A poco a poco, si stava avvicinando sempre più a me. Finii col ritrovarmi con la schiena contro il muro della cucina, terrorizzata dallo strano comportamento di quel ragazzo che fino a cinque minuti prima sembrava tanto inoffensivo.

«Sta per entrare mio fratello, lasciami stare …» dissi, tentando di non far trasparire la mia paura.

Ormai eravamo attaccati l’uno all’altra. Sentivo il suo torace espandersi sul mio a intervalli regolari, e il suo cuore battere, energico. Iniziai a pensare che fosse un incubo. Avvicinò le sue labbra alle mie, pronto a baciarmi, e a quel punto gli assestai un calcio allo stomaco. Strillò e si contorse per il dolore, e io ne approfittai per scappare. Ma fu più veloce di me: mi prese per un braccio e mi scansò contro il muro. Urtai con la testa e, per un momento, mi sembrò di morire, talmente forte fu il colpo. Mi portai d’istinto le mani alla fronte, e notai che stavo sanguinando. Tentai di rialzarmi e mi misi a strillare il nome di mio fratello, sperando che mi sentisse. Nel frattempo, Giacomo si stava avvicinando, furioso. Mi guardai rapidamente intorno in cerca di qualcosa da poter usare come arma, ma non c’era nulla in quella stanza che potesse essermi utile. Chiusi gli occhi, pronta a tutto, quando sentii urlare il nome di Giacomo dall’altra parte della cucina: era sua nonna. Il ragazzo si voltò a guardarla e sembrò per un attimo tornare in sé, ma fu solo un’impressione fugace. Distolse lo sguardo dalla donna e tornò a dirigersi verso di me, pronto a sfogare la sua rabbia. Mi aveva quasi raggiunta quando arrivò Davide e gli frantumò in testa un vaso di fiori, facendolo cadere a terra, privo di sensi.

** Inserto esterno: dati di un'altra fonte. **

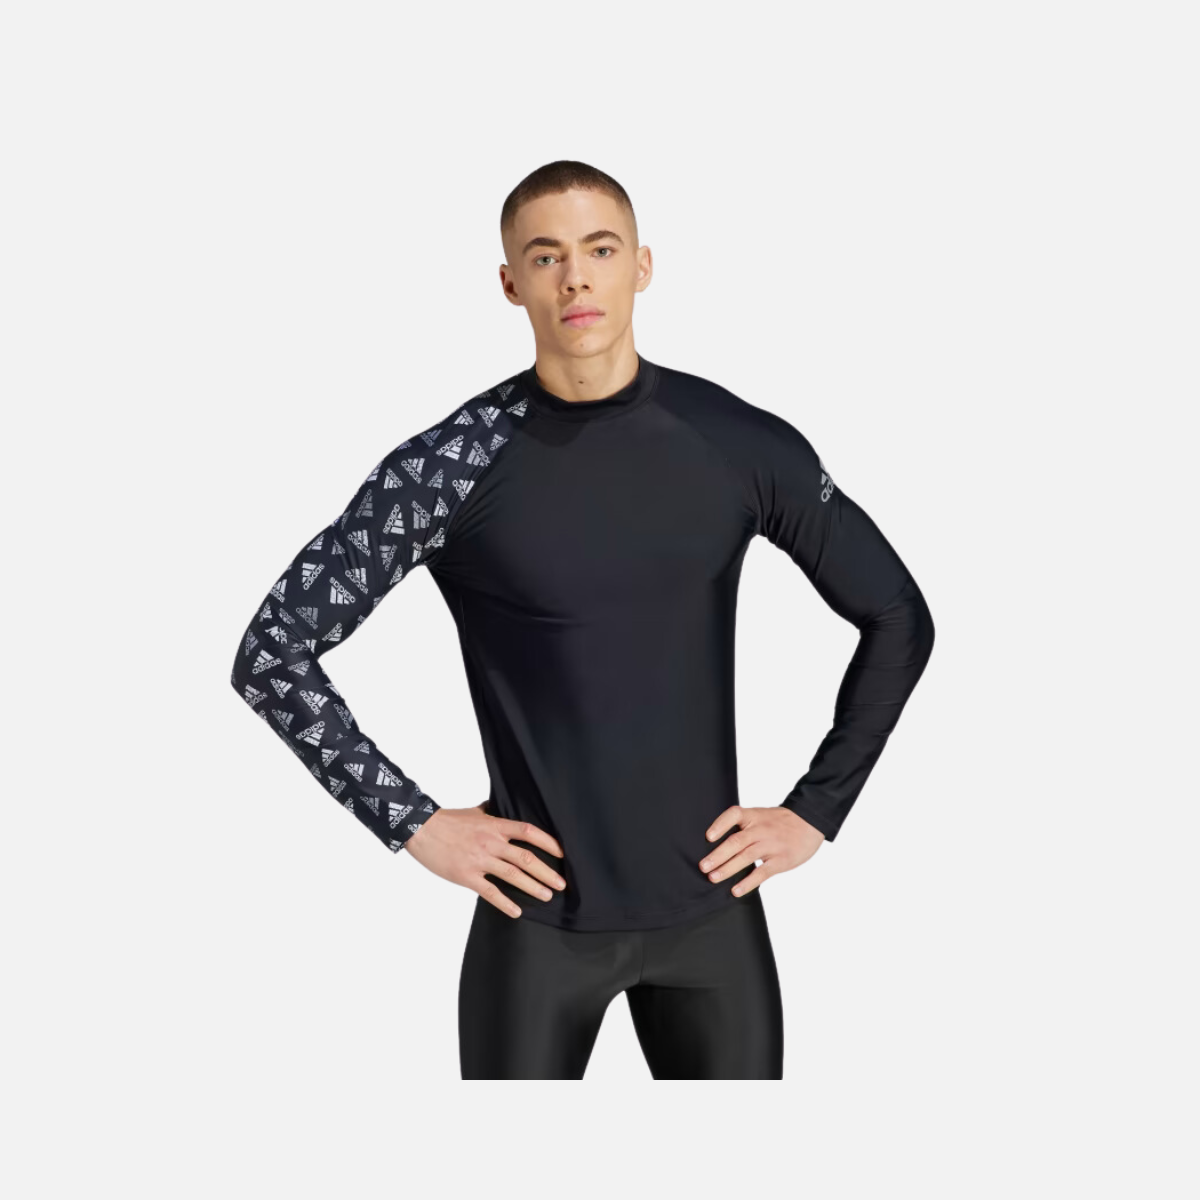 Adidas Long Sleeve Men's Swim Rash Guard -Black

«Ma che cavolo gli è preso?!» esclamò.

«Tu stai bene?» aggiunse, rivolto a me.

Mi aiutò ad alzarmi e mi porse un pacchetto di fazzolettini per pulirmi il sangue che mi sporcava il volto.

«Io … sì, credo di sì …».

Non riuscii a dire altro: ero ancora troppo sconvolta dalla situazione così surreale.

«Che ti ha fatto al viso?» chiese mio fratello. «Hai una brutta ferita sulla fronte, ma non credo ci vogliano punti» aggiunse.

«Dove hai trovato quel vaso?» chiesi.

Ma cosa me ne importava?

«Nell’ingresso … ma adesso che centra?» rispose Davide.

La nonna di Giacomo si limitava a guardarci, inorridita, dall’altro lato della stanza.

«Lei non dice niente?» esclamò ad un tratto mio fratello.

«Io … sì, ragazzi … la questione è un po’ delicata …» cominciò. «Il fatto è che Giacomo è malato».

«L’abbiamo notato, in effetti» dissi.

«No, non potete capire … lui … ha un disturbo dissociativo d’identità» concluse.

«… Un che?» proruppe Davide.

«Mettetevi comodi. La storia è un po’ lunga …» proseguì, prendendo due sedie.